• **TRY IT**
Below is a listing to copy exactly; no image goes into the copy.

• **DATA SECTION**
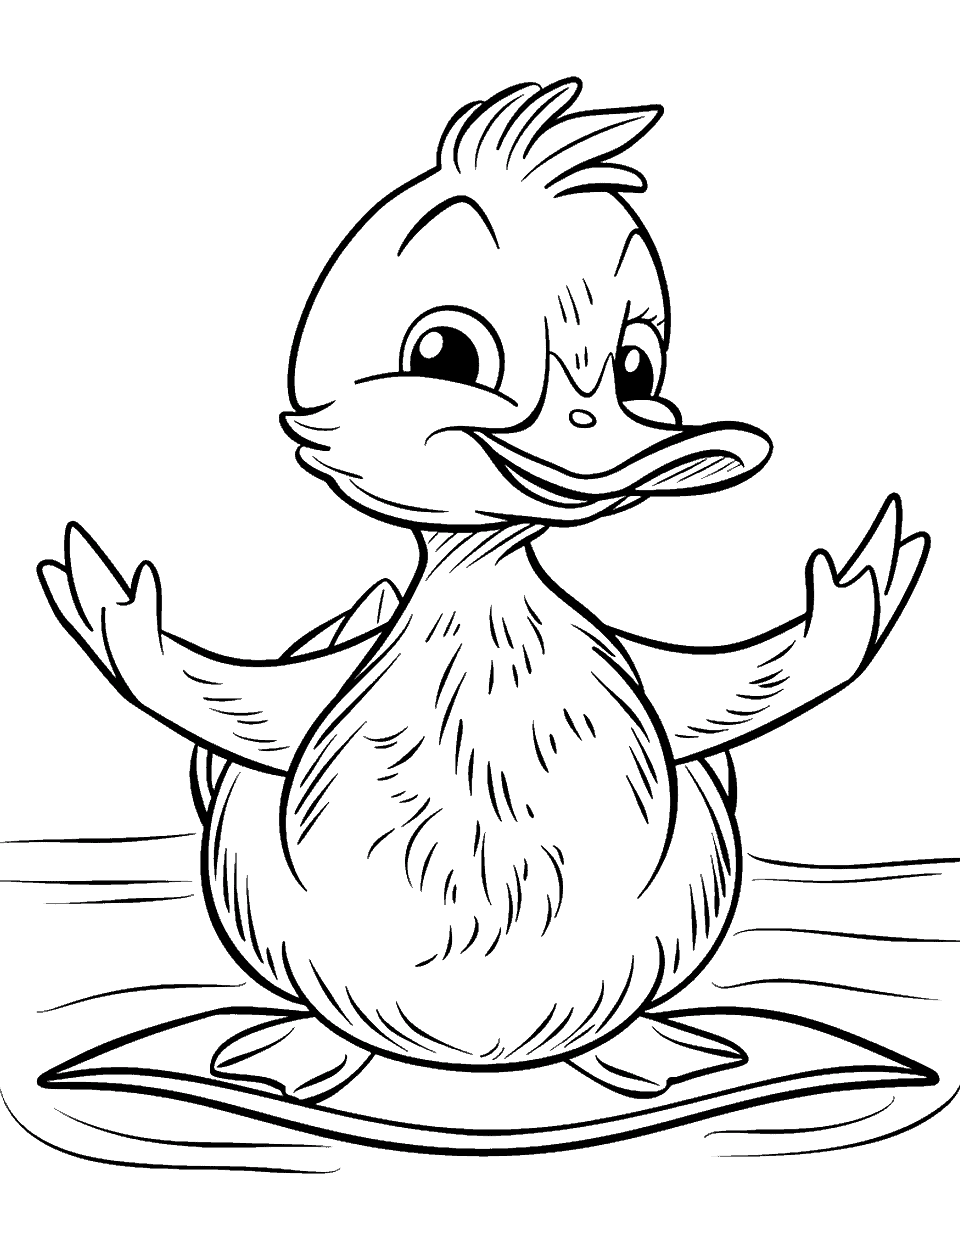 Yoga Duck Coloring Page - A relaxed duck practicing yoga with a peaceful expression.
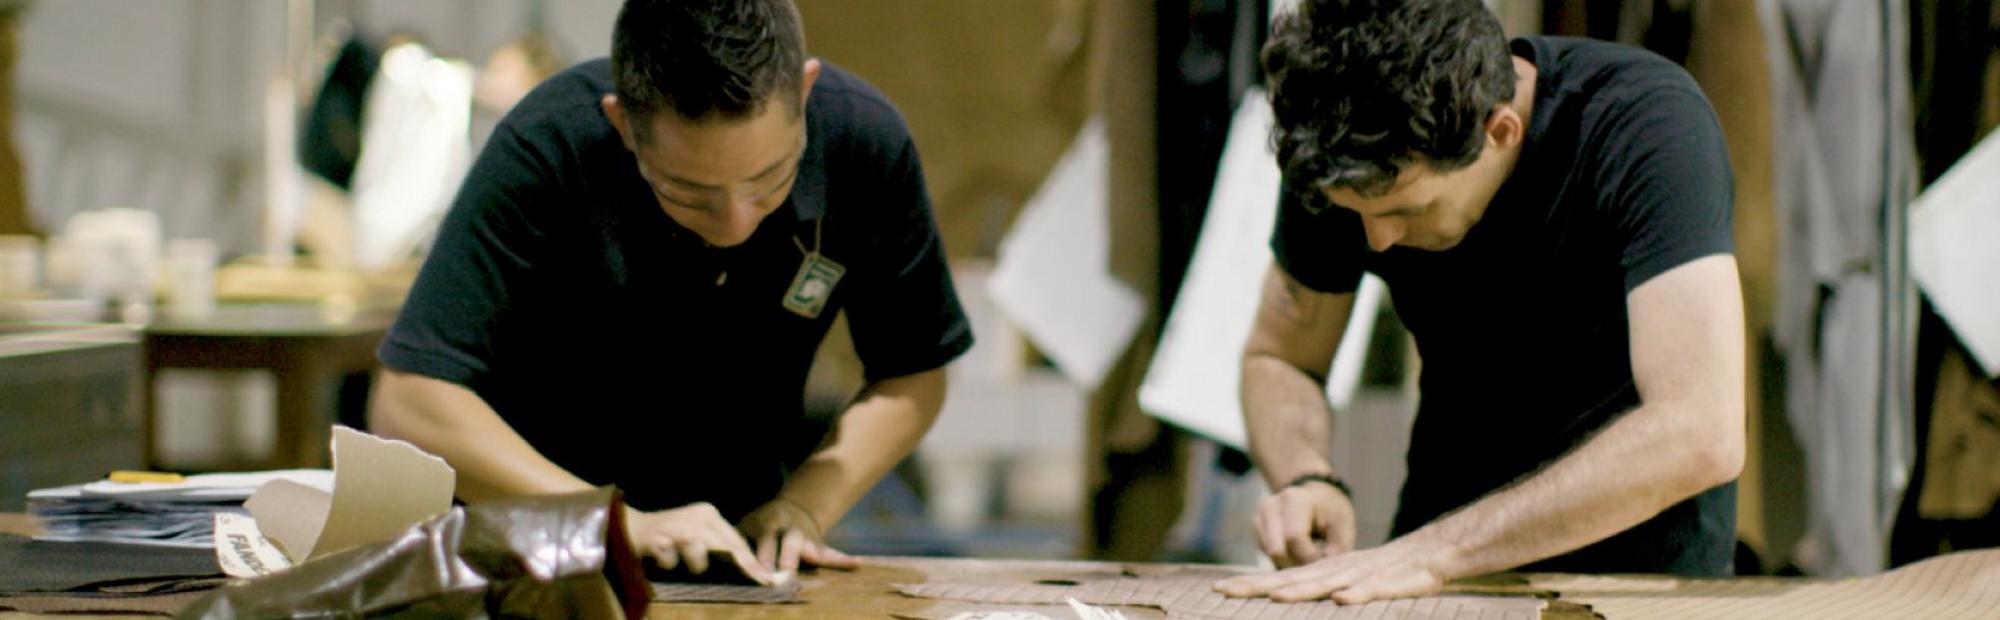 two men cutting leather
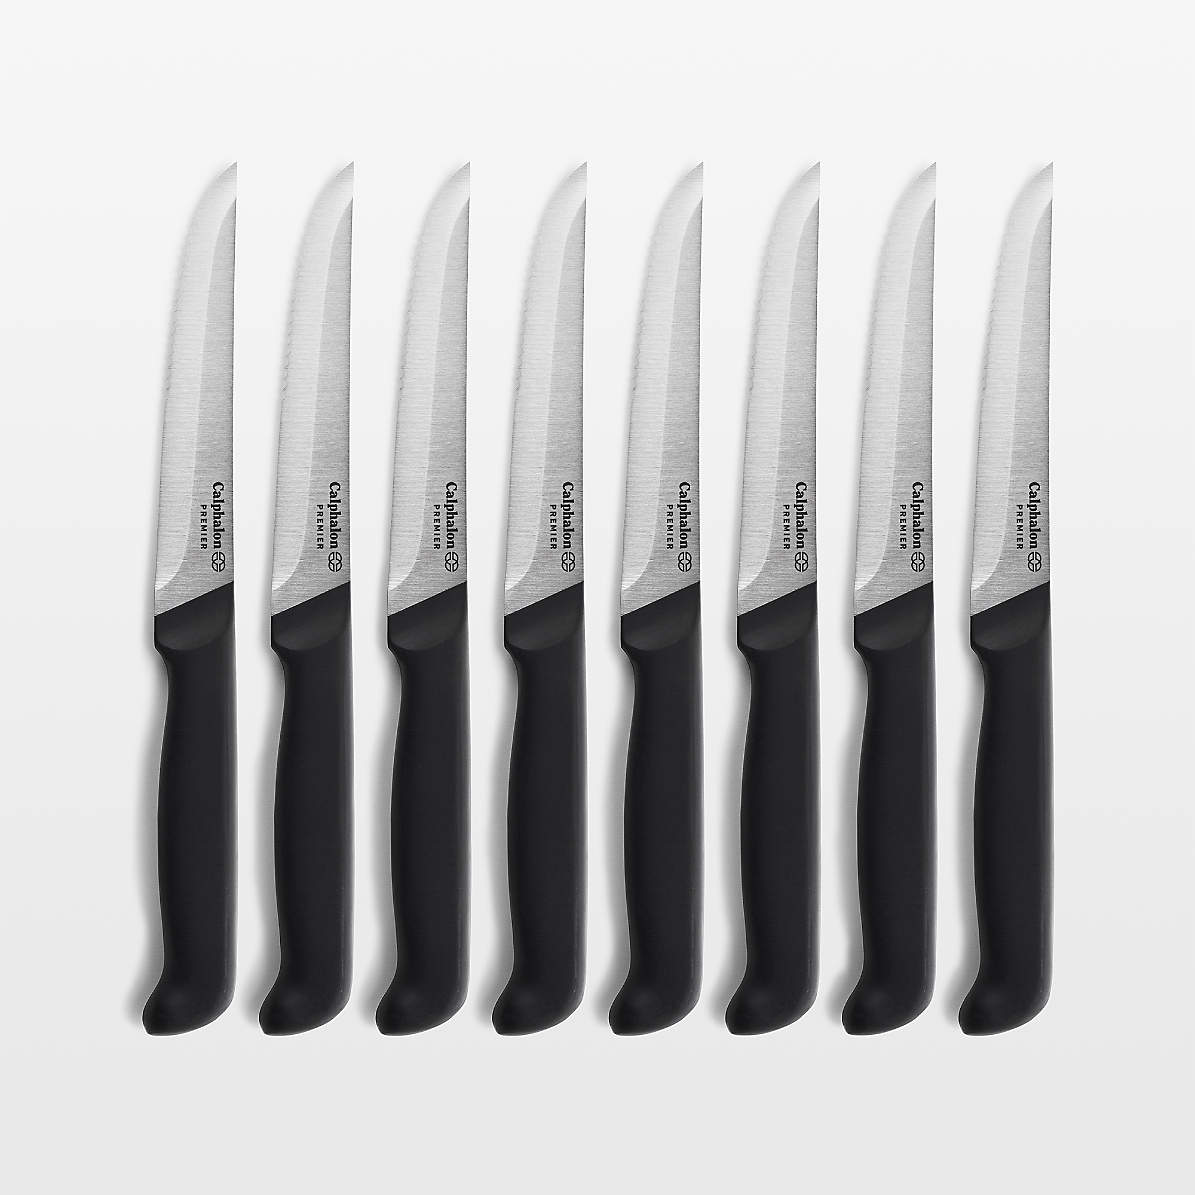 Chophouse Steak Knives - 8 pieces – Certified Angus Beef

• **EXPECTED ANSWER**
 Yoga Duck Coloring Page - A relaxed duck practicing yoga with a peaceful expression.
 two men cutting leather
 Chophouse Steak Knives - 8 pieces – Certified Angus Beef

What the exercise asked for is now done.